One thing I think we have gotten better about this year is eating home cooked meals for dinner. Tonight we were simple and made grill cheese sandwiches and tomato soup for dinner...Fairly inexpensive to do. Last night we had Crock Pot chicken with green beans and "instant" mash potato.

The one thing I would love to get rid of is our cable TV bill, but wife won't let that happen so we just pay the piper for Cable TV. Our Cable and Internet bill is like $310 a month. That is over $10 every day for cable and internet service. Sucks but I can't win that argument, and gave up on trying.
 
  • Like
Reactions: dunlopj
Our Cable and Internet bill is like $310 a month. That is over $10 every day for cable and internet service. Sucks but I can't win that argument, and gave up on trying.

Are you paying for a bunch of box rentals?

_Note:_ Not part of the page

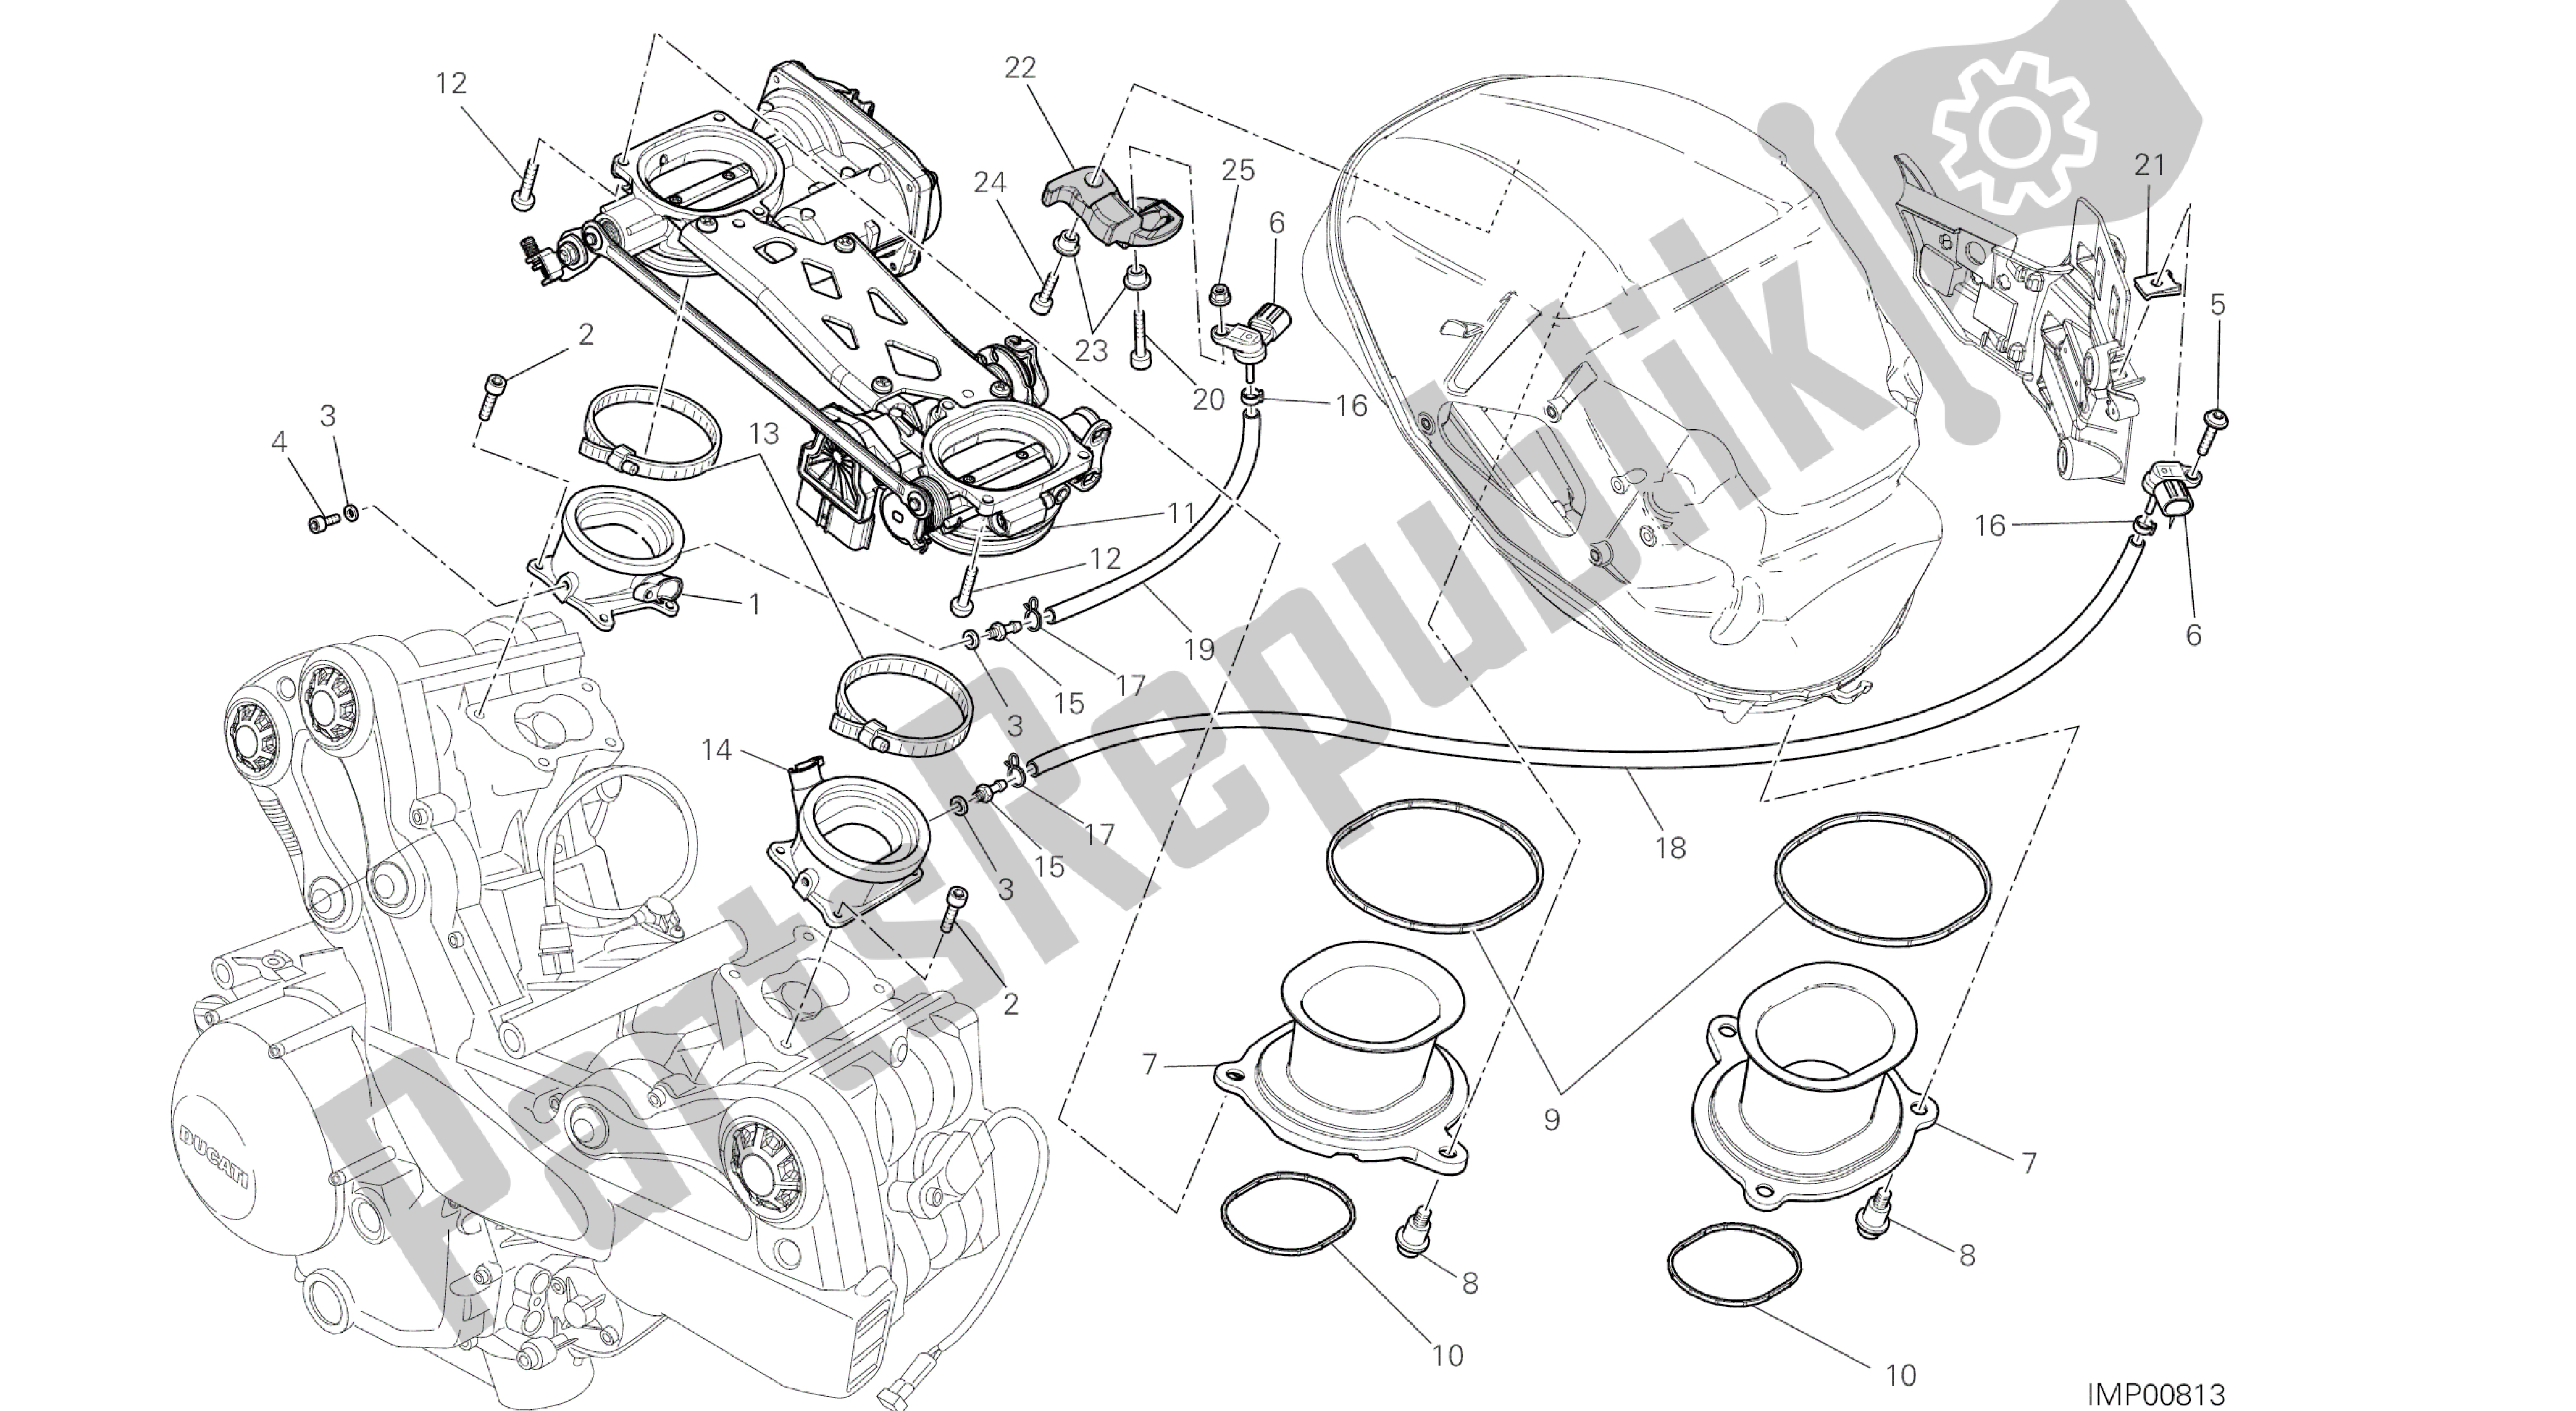 Toutes les pièces pour le Dessin 017 - Corps De Papillon [mod: Ms1200st; Xst: Aus, Eur, Fra, Jap] Groupe Moteur du Ducati Multistrada S Touring 1200 2014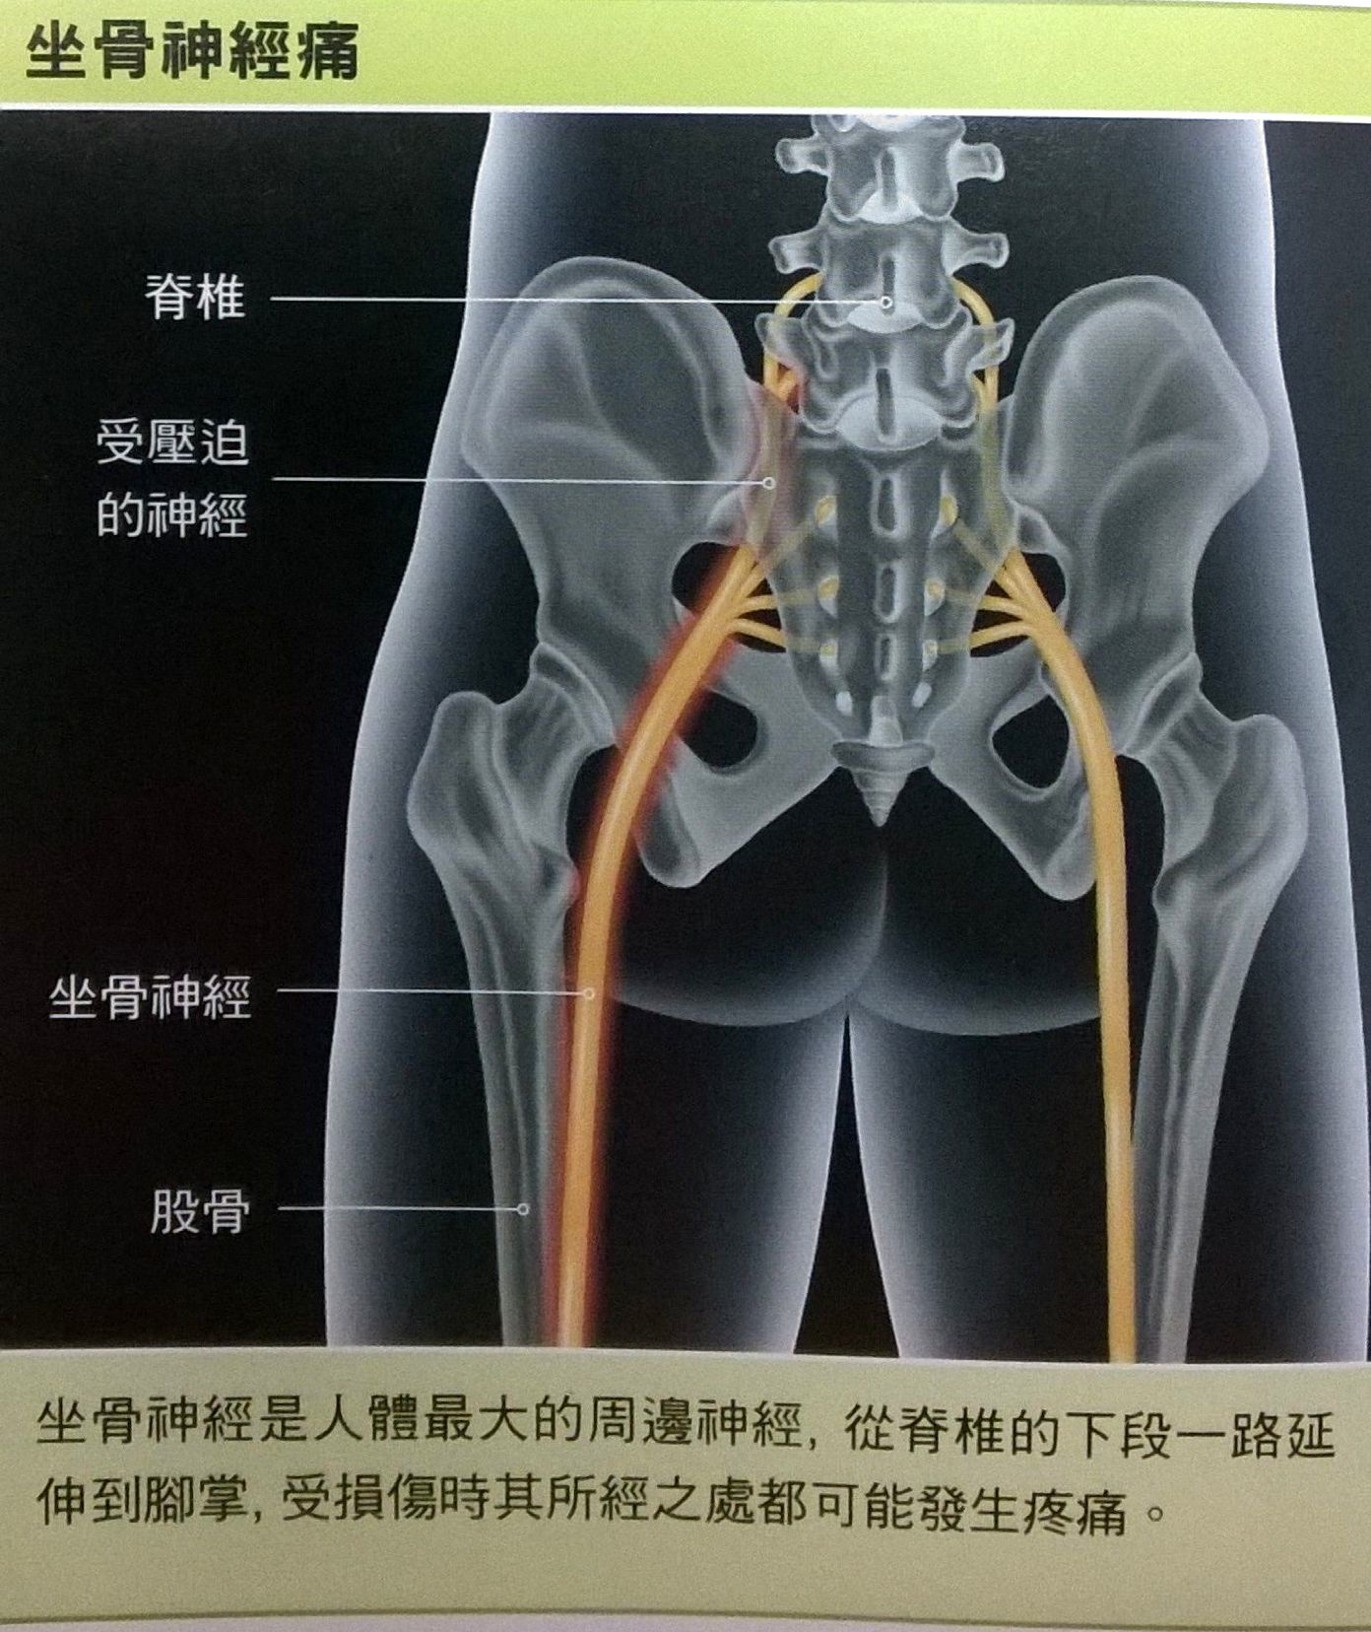 如何诊断和治疗坐骨神经痛?_滨州市微创外科治疗中心-滨州万寿堂医院

I've got 500Gb up and down from Verizon at $113 a month, and then I use streaming services. Even to replace your TV service with something like YouTube TV would be 65 per month, but you're not paying for all the stupid box and DVR fees.
 
Are you paying for a bunch of box rentals?

I've got 500Gb up and down from Verizon at $113 a month, and then I use streaming services. Even to replace your TV service with something like YouTube TV would be 65 per month, but you're not paying for all the stupid box and DVR fees.

Yes, we have 3 box rentals, and a modem/router rental. Our previous modem just died. It was 5 years old, and we replaced it at the Comcast store a couple weeks ago. We have been Comcast customers a real long time. The longer you are a customer, the more you get to pay for service! Strange how it works like that!

I have tried every avenue to cut the cable. Shown all the costs of the various streaming services multiple times. Wife won't have it.

We do have a Amazon Firestick with Prime, and I pay for Disney Plus, and we have Hulu as well. We can get Netflix when we want...Sister in Law has an account and barely uses it.
 
Yes, we have 3 box rentals, and a modem/router rental. Our previous modem just died. It was 5 years old, and we replaced it at the Comcast store a couple weeks ago. We have been Comcast customers a real long time. The longer you are a customer, the more you get to pay for service! Strange how it works like that!

I have tried every avenue to cut the cable. Shown all the costs of the various streaming services multiple times. Wife won't have it.

We do have a Amazon Firestick with Prime, and I pay for Disney Plus, and we have Hulu as well. We can get Netflix when we want...Sister in Law has an account and barely uses it.

YouTube TV is live tv though, with an unlimited DVR that works in any room in the house. I'd at least look at the channel lineup and see if you'd be missing anything.